Therefore, despite the key G1/S checkpoint regulators, RB1 and p53, are rarely mutated in MM,7 the therapeutic approach based on the combination of DNA-damaging agents and G2/M checkpoint inhibitors could potentially be successful also in MM, in which these central G1/S checkpoint regulators are principally inactivated through indirect mechanisms, such as the altered expression/activity of their upstream regulators.
Among the G2/M abrogators, WEE1 kinase inhibitors proved to be effective in sensitizing different tumor types to various anticancer therapeutics.13-23 WEE1 kinase is a crucial component of the G2/M DNA damage checkpoint, whose direct substrate is the key mitotic protein CDK1.24 WEE1 inhibitors prevent the WEE1-mediated phosphorylation and inactivation of CDK1 in response to DNA damage, thus resulting in G2/M checkpoint override and increased mitotic and cell death rates. To date, different small molecules targeting WEE1 have been used.13-23 In the present study, we tested MK-1775, an efficient and selective WEE1 inhibitor, which has entered phase I clinical trials in combination with gemcitabine, cisplatin, or carboplatin in patients with advanced solid tumors.25 In particular, we treated a panel of six MM cell lines, representative of the three different histotypes, with MK-1775 in combination with cisplatin, the chemotherapic agent currently used in MM therapy. We aimed to assess whether this strategy, which holds the potential for a rapid clinical translation, could be feasible for the treatment of MM. We observed that MK-1775 significantly enhanced the cisplatin cytotoxic effect in all cell lines, except the one representative of the most aggressive histotype, without enhancing toxicity in non-neoplastic cells. Moreover, we observed that the enhancement in cisplatin toxicity was accompanied by a reduction in CDK1 phosphorylation and a shift in the balance toward apoptosis rather than growth arrest.
Results
WEE1 inhibition selectively sensitizes MM cell lines to cisplatin
We treated six MM cell lines, representing the epithelioid (IST-MES1, IST-MES2, REN, and NCI-H2452), biphasic (MSTO-211H), and sarcomatoid (NCI-H2052) histotypes, with cisplatin at concentrations ranging from 2.5 to 15 µM, alone or in combination with the WEE1 inhibitor, MK-1775, at the concentration of 150 nM or 250 nM. We evaluated cell viability by MTS assay at 72 h after treatment (Fig. 1A). We observed that MK-1775 enhanced the cisplatin cytotoxic effect in a concentration-dependent manner in all cell lines except one (NCI-H2052), as also shown by the comparison between the half maximal inhibitory concentration (IC50) values of cisplatin alone and cisplatin in combination with MK-1775 (as in the table included in Fig. 1A).

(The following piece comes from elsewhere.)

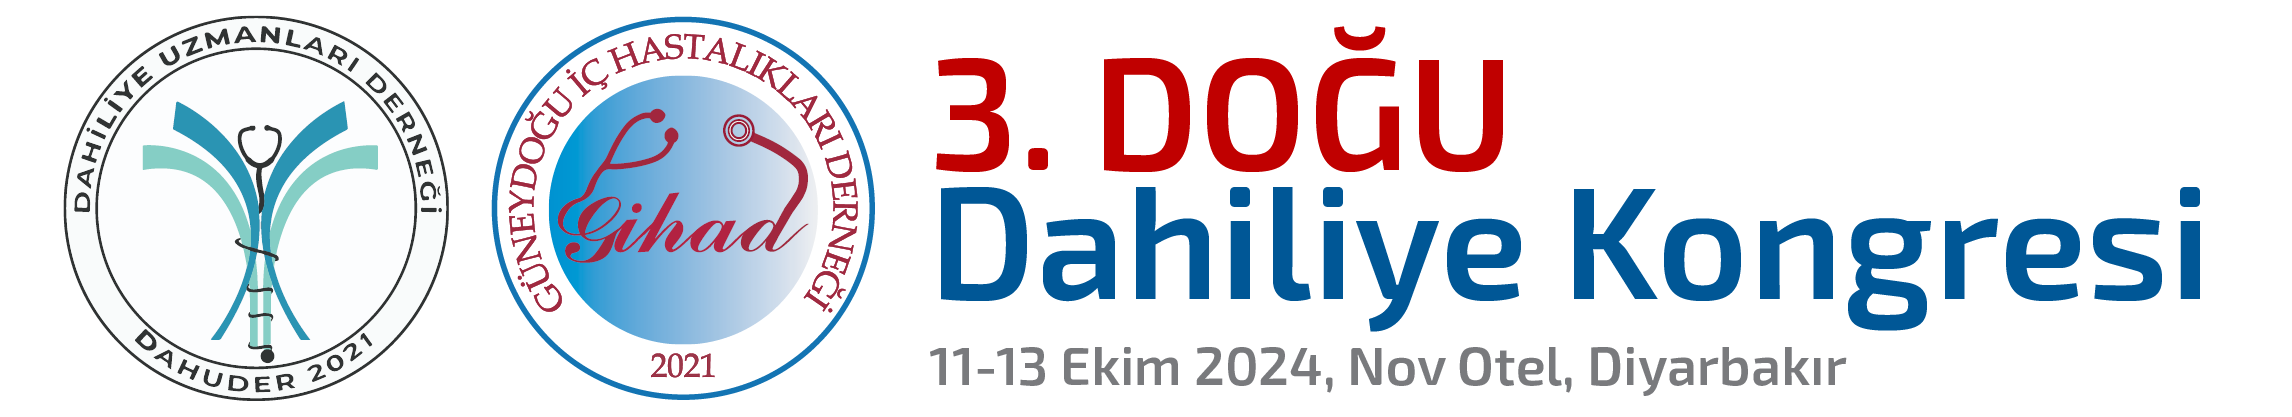 3. Doğu Dahiliye Kongresi - 11-13 Ekim 2024, Diyarbakır

MK-1775 alone showed a slight cytotoxicity on the majority of MM cell lines (data not shown) and a more significant antiproliferative activity on the IST-MES2 cells, in which cell viability was reduced to approximately 65% and 47% after treatment with 150 and 250 nM MK-1775, respectively (P < 0.05).
To rule out a possible increase in cisplatin cytotoxicity on non-neoplastic cells, the drug combination was also tested on primary human skin fibroblasts by MTS assay. We found that MK-1775 did not significantly enhance the cisplatin cytotoxic effects on fibroblasts, as evident by the IC50 values reported in Figure 1A.
To evaluate whether the effect of cisplatin and MK-1775 was synergic, we determined the combination index (CI) values through the Chou–Talalay method26 for the cell lines in which the drug combination was found to be effective. This analysis revealed a synergy between the two compounds (Fig. 1B).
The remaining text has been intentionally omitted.